══ PROVIDED DATA
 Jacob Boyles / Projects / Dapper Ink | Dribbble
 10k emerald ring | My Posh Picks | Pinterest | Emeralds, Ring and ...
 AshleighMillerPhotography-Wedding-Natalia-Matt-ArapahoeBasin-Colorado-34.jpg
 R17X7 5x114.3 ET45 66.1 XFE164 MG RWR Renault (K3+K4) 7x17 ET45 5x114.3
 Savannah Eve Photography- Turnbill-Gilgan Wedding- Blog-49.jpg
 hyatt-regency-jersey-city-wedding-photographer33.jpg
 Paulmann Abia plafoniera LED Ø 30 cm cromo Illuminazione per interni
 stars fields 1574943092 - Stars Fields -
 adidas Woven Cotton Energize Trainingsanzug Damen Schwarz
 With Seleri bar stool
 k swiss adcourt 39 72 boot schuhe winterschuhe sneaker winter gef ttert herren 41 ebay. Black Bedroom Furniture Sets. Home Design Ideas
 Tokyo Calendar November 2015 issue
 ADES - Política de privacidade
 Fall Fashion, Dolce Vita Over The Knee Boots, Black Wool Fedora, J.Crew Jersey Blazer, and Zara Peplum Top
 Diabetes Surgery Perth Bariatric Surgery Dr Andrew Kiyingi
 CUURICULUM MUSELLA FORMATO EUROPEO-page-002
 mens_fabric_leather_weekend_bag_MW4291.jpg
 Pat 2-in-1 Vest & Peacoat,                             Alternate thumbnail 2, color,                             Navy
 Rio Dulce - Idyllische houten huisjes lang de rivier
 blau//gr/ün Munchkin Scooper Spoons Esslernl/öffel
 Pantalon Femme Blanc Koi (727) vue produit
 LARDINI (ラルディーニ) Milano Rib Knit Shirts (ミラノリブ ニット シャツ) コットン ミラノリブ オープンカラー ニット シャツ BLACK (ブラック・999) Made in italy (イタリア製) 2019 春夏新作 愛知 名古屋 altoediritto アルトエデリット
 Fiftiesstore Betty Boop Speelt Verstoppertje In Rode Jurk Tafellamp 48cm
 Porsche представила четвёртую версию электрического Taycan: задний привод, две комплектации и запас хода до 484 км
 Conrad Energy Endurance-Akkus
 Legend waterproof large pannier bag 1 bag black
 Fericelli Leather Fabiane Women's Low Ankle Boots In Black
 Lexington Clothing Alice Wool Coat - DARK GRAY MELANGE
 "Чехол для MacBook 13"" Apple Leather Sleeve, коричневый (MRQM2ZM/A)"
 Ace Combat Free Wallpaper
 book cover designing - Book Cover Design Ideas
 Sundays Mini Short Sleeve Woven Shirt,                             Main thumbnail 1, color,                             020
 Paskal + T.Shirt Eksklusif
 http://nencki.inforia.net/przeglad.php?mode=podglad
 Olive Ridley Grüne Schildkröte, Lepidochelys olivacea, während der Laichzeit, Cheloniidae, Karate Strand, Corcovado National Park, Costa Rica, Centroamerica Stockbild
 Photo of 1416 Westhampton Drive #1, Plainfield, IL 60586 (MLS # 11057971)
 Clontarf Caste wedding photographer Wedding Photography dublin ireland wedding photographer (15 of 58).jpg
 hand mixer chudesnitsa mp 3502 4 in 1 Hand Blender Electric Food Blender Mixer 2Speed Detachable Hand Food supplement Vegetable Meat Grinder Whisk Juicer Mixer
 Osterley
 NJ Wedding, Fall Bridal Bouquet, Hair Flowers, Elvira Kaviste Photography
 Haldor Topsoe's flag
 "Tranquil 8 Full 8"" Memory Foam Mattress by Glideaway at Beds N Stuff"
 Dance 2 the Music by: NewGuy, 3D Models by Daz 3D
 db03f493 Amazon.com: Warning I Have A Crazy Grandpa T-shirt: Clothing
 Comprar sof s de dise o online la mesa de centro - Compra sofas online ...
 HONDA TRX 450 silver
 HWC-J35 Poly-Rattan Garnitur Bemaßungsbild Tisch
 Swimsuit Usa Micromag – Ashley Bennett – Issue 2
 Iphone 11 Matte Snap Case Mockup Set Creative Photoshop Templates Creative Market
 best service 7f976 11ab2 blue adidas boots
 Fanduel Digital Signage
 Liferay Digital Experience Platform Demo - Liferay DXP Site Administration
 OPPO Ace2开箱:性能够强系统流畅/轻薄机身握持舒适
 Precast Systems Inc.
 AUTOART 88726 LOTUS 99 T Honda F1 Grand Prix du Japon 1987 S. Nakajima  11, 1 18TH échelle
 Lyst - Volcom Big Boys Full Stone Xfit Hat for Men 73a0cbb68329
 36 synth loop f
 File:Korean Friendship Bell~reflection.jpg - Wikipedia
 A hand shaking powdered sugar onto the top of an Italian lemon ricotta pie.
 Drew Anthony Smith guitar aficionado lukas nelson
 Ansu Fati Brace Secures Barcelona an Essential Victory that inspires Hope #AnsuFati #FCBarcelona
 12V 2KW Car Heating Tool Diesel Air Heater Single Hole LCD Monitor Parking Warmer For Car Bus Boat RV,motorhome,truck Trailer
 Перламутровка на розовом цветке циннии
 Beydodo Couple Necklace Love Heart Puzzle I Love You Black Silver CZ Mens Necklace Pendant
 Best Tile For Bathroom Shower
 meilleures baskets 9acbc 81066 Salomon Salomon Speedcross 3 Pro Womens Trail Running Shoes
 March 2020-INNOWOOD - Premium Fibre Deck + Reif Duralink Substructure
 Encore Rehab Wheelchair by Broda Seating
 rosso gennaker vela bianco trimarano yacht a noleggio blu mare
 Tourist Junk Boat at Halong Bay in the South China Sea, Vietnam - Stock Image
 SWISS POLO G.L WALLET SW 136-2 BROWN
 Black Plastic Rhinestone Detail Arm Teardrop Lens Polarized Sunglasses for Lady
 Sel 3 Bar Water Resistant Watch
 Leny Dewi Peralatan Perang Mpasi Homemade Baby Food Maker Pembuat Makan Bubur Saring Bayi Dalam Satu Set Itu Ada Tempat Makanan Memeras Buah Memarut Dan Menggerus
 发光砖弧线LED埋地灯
════
Of the entries listed above, reproduce only the lines starting at the line containing "Fall Fashion, Dolce" and ending at the line containing "blau//gr/ün Munchkin Scooper". Include both, exactly as they stand.

- _EXERCISE RESULT_
 Fall Fashion, Dolce Vita Over The Knee Boots, Black Wool Fedora, J.Crew Jersey Blazer, and Zara Peplum Top
 Diabetes Surgery Perth Bariatric Surgery Dr Andrew Kiyingi
 CUURICULUM MUSELLA FORMATO EUROPEO-page-002
 mens_fabric_leather_weekend_bag_MW4291.jpg
 Pat 2-in-1 Vest & Peacoat,                             Alternate thumbnail 2, color,                             Navy
 Rio Dulce - Idyllische houten huisjes lang de rivier
 blau//gr/ün Munchkin Scooper Spoons Esslernl/öffel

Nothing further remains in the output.